The material beneath this line should be printed exactly, with its pictures omitted.

Provided material
==========

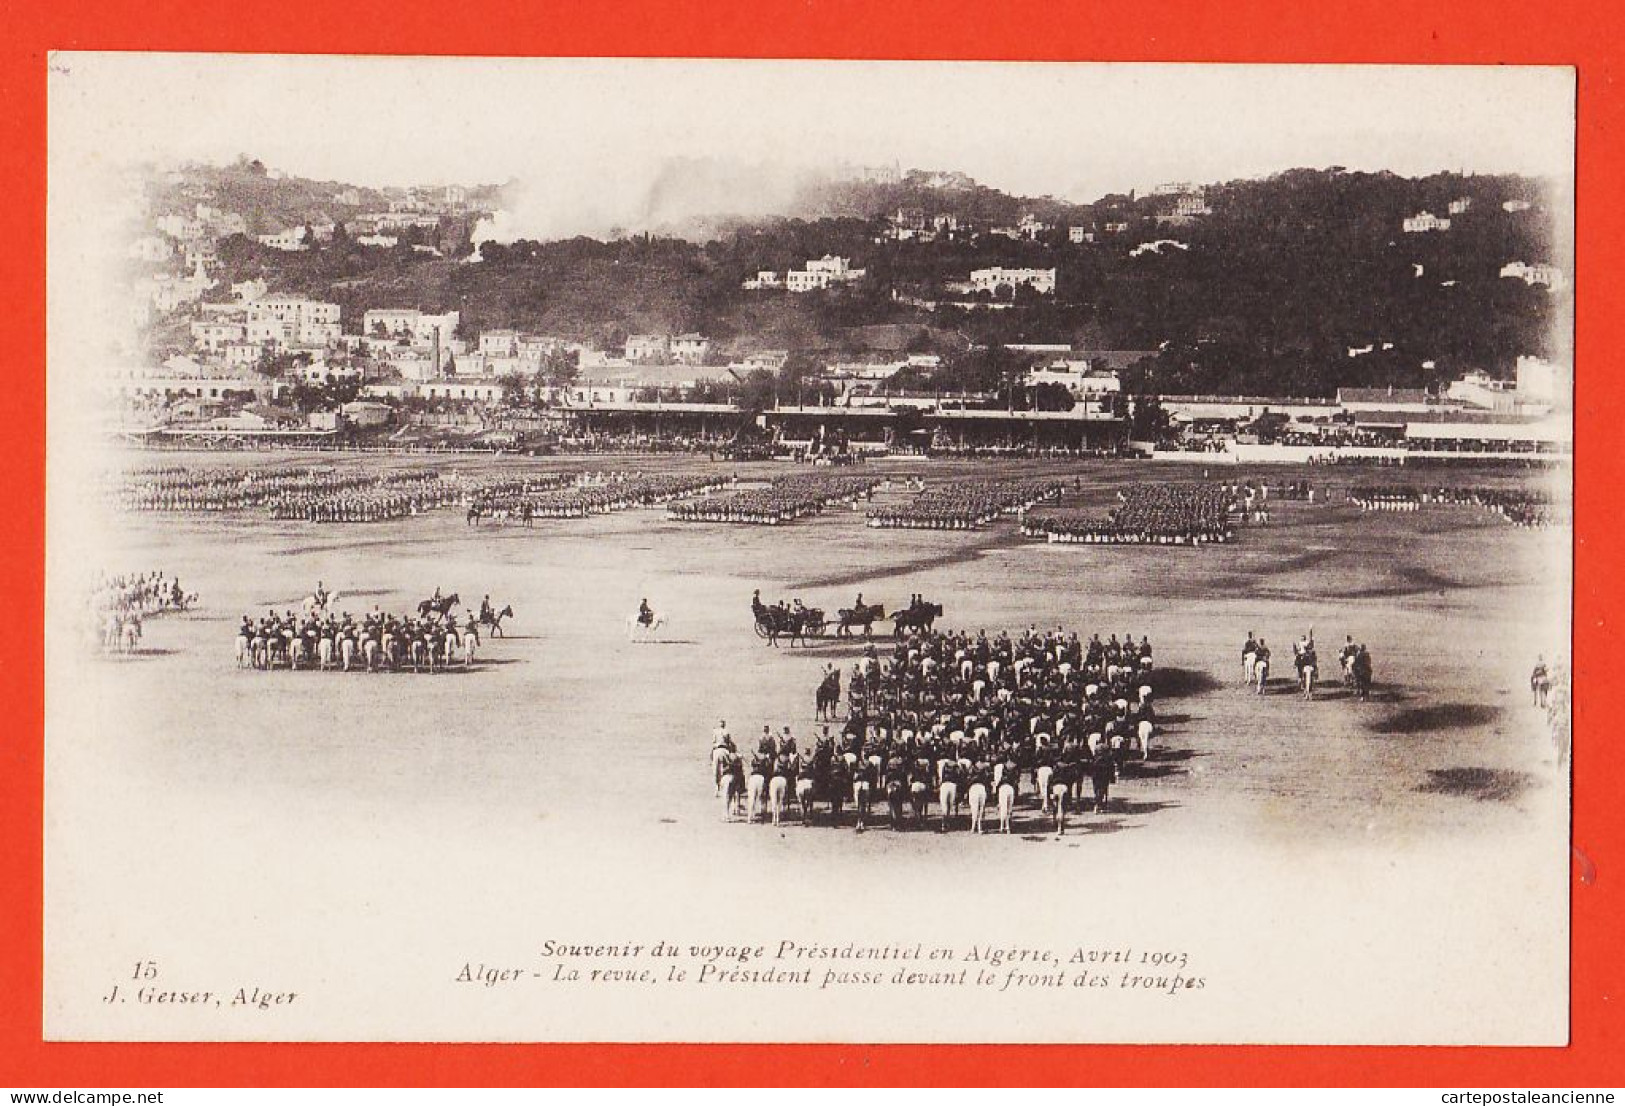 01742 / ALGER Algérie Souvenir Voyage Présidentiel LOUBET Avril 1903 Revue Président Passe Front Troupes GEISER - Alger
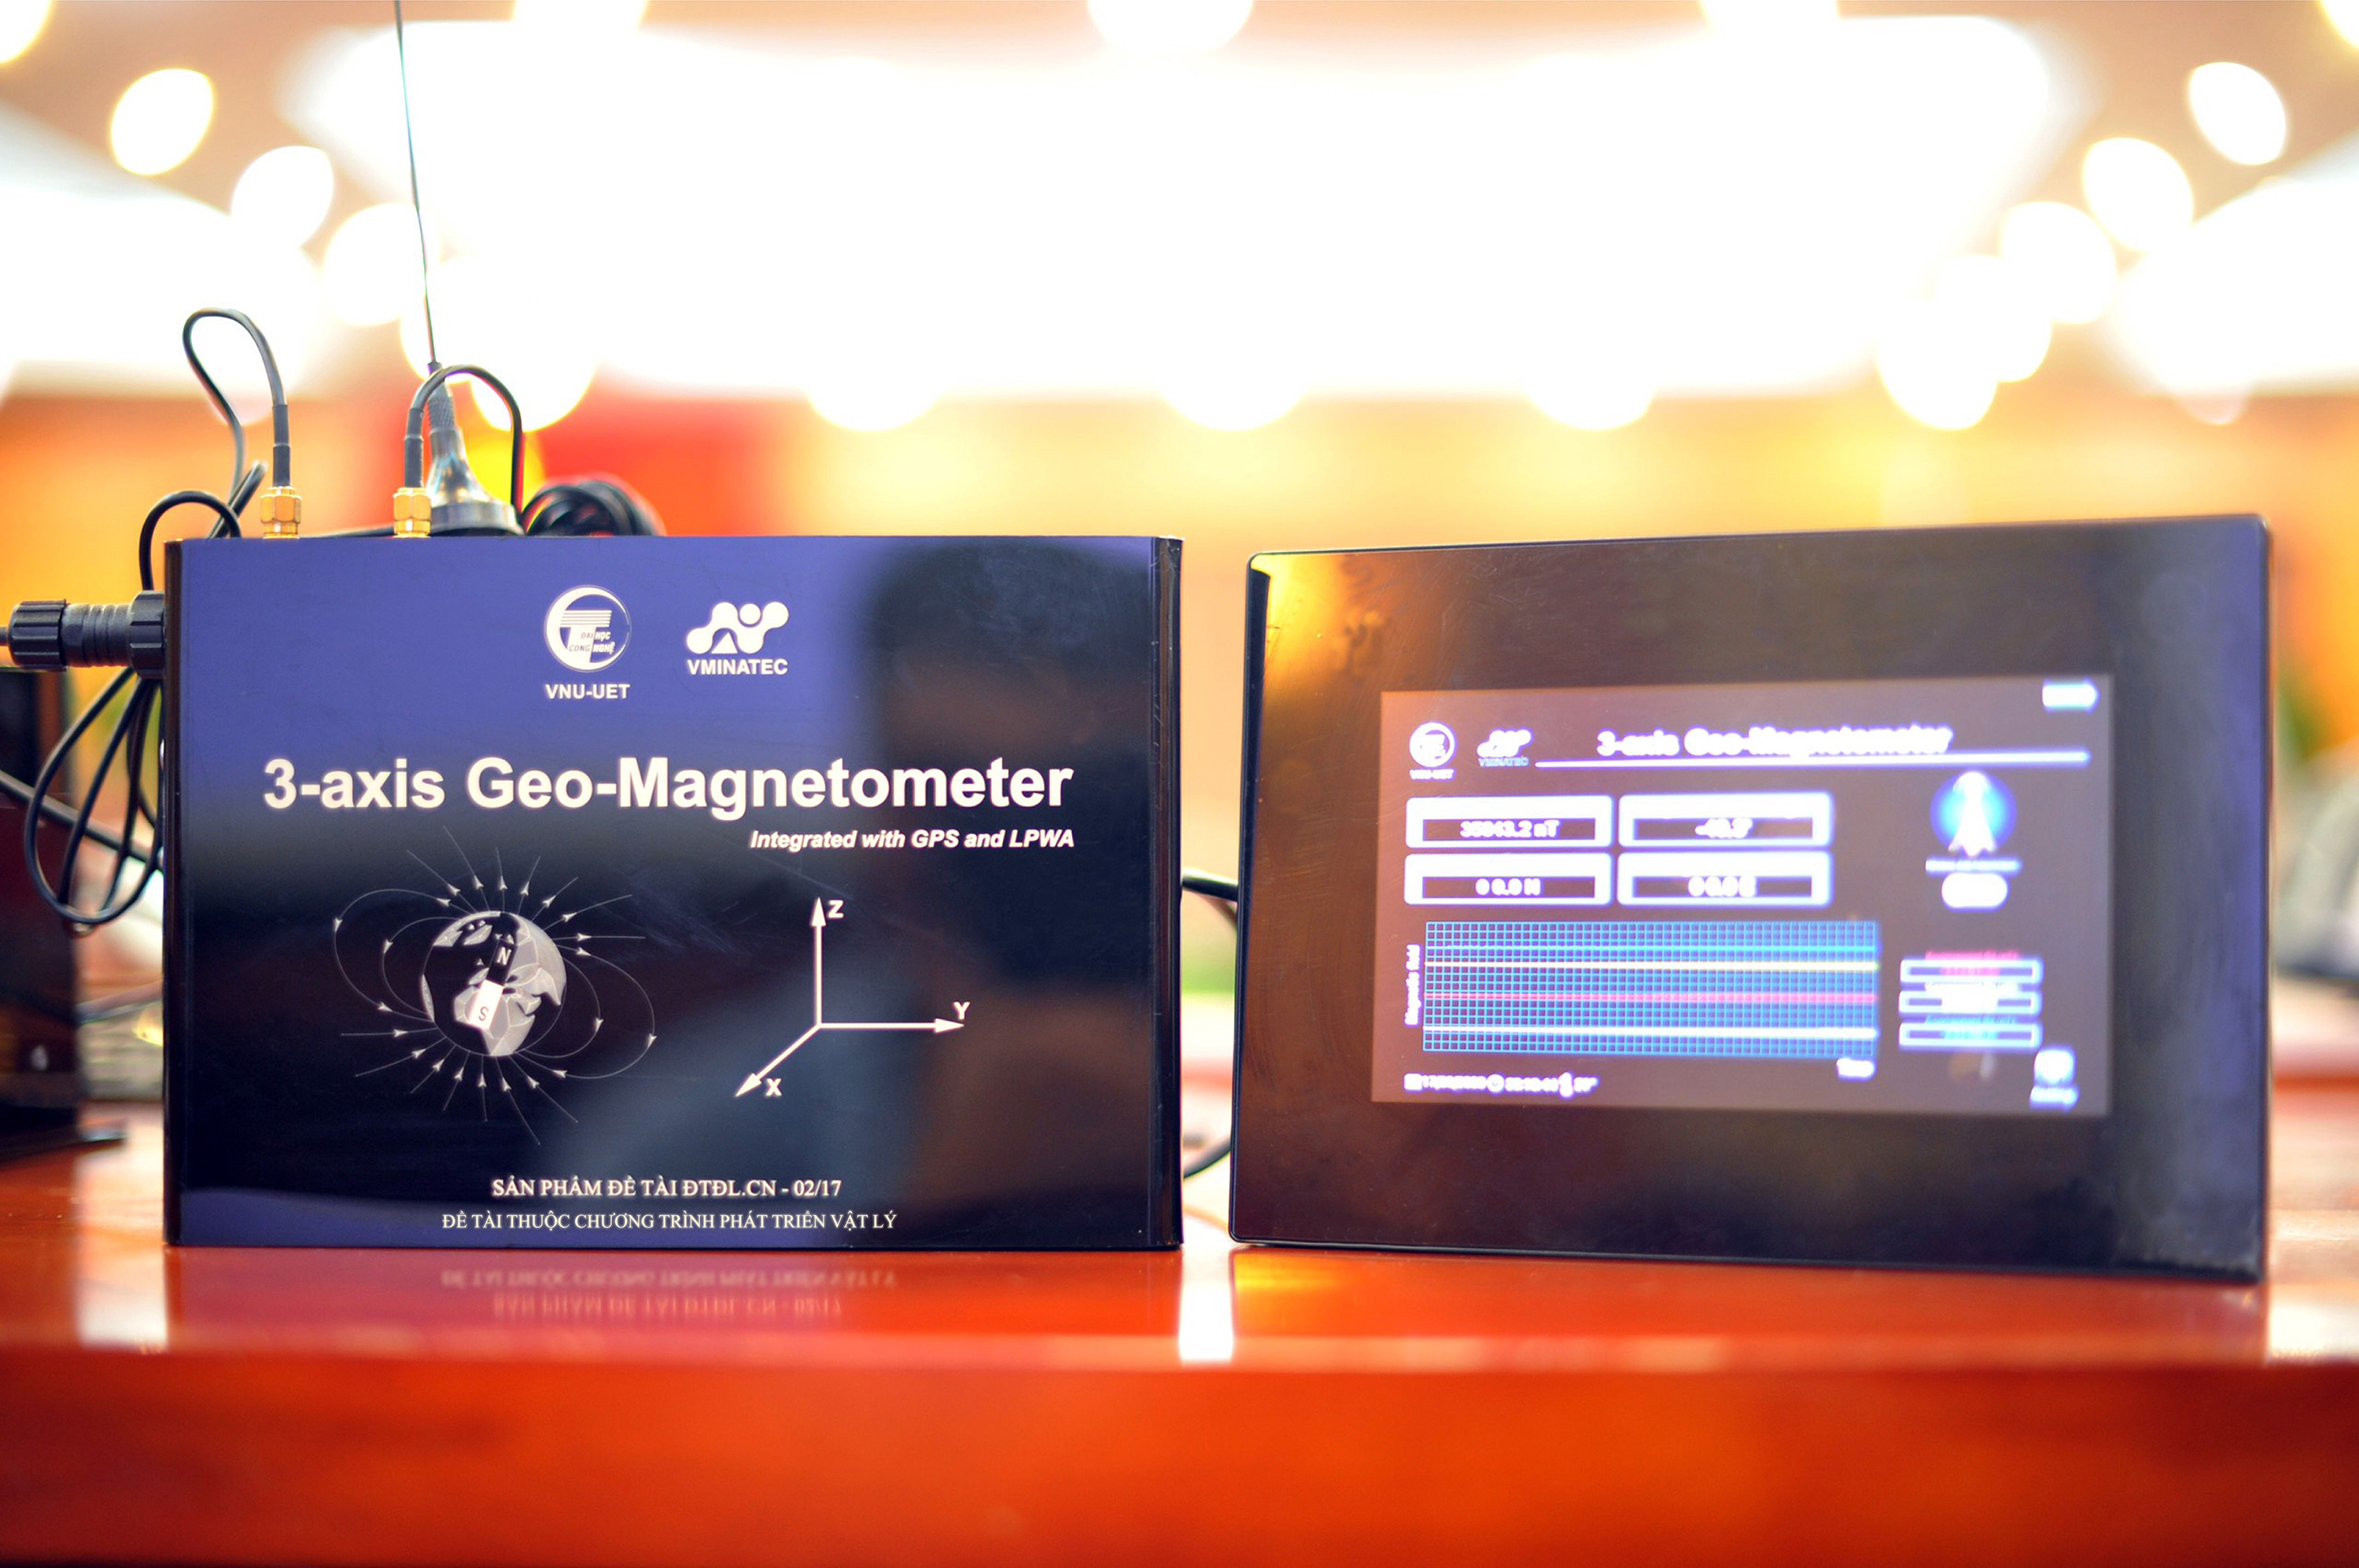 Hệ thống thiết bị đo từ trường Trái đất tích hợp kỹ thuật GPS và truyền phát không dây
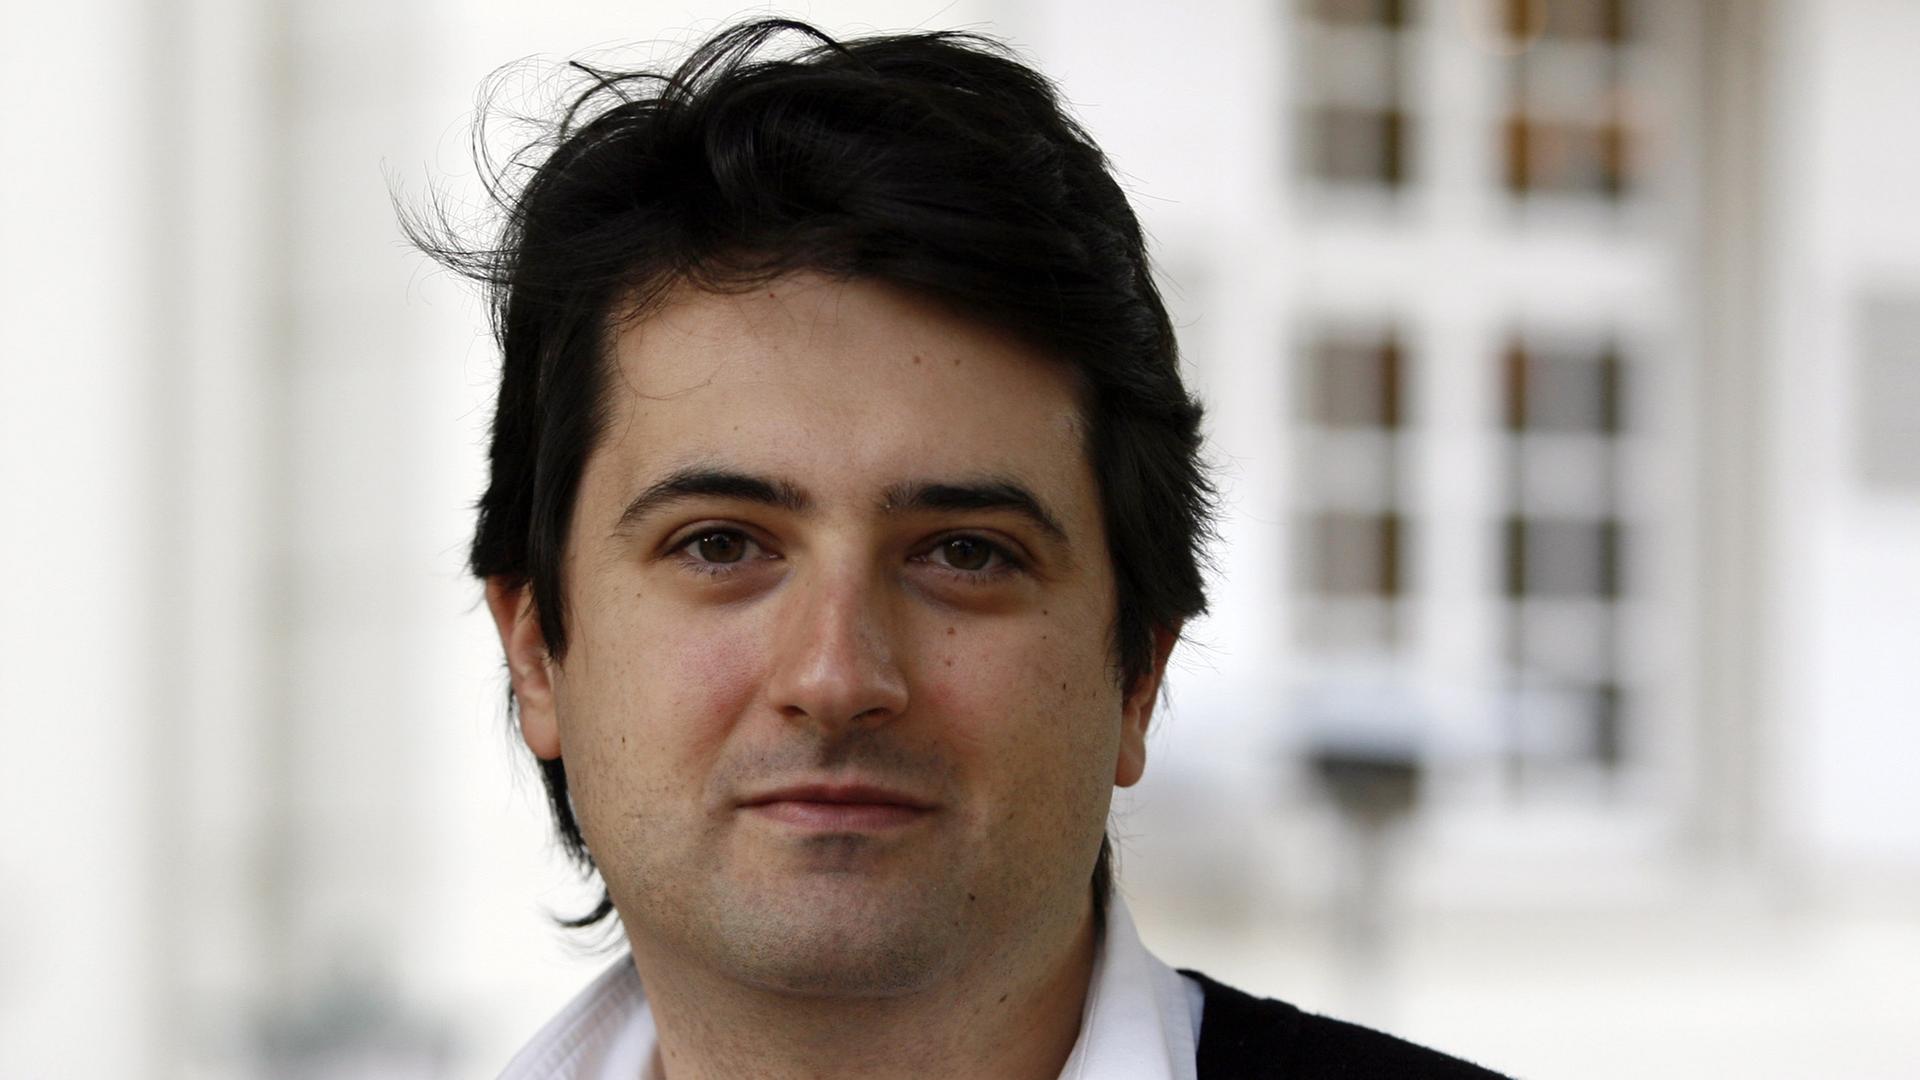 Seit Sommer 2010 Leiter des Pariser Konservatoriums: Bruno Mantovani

==========

Answer section
 01742 / ALGER Algérie Souvenir Voyage Présidentiel LOUBET Avril 1903 Revue Président Passe Front Troupes GEISER - Alger
 Hệ thống thiết bị đo từ trường Trái đất tích hợp kỹ thuật GPS và truyền phát không dây
 Seit Sommer 2010 Leiter des Pariser Konservatoriums: Bruno Mantovani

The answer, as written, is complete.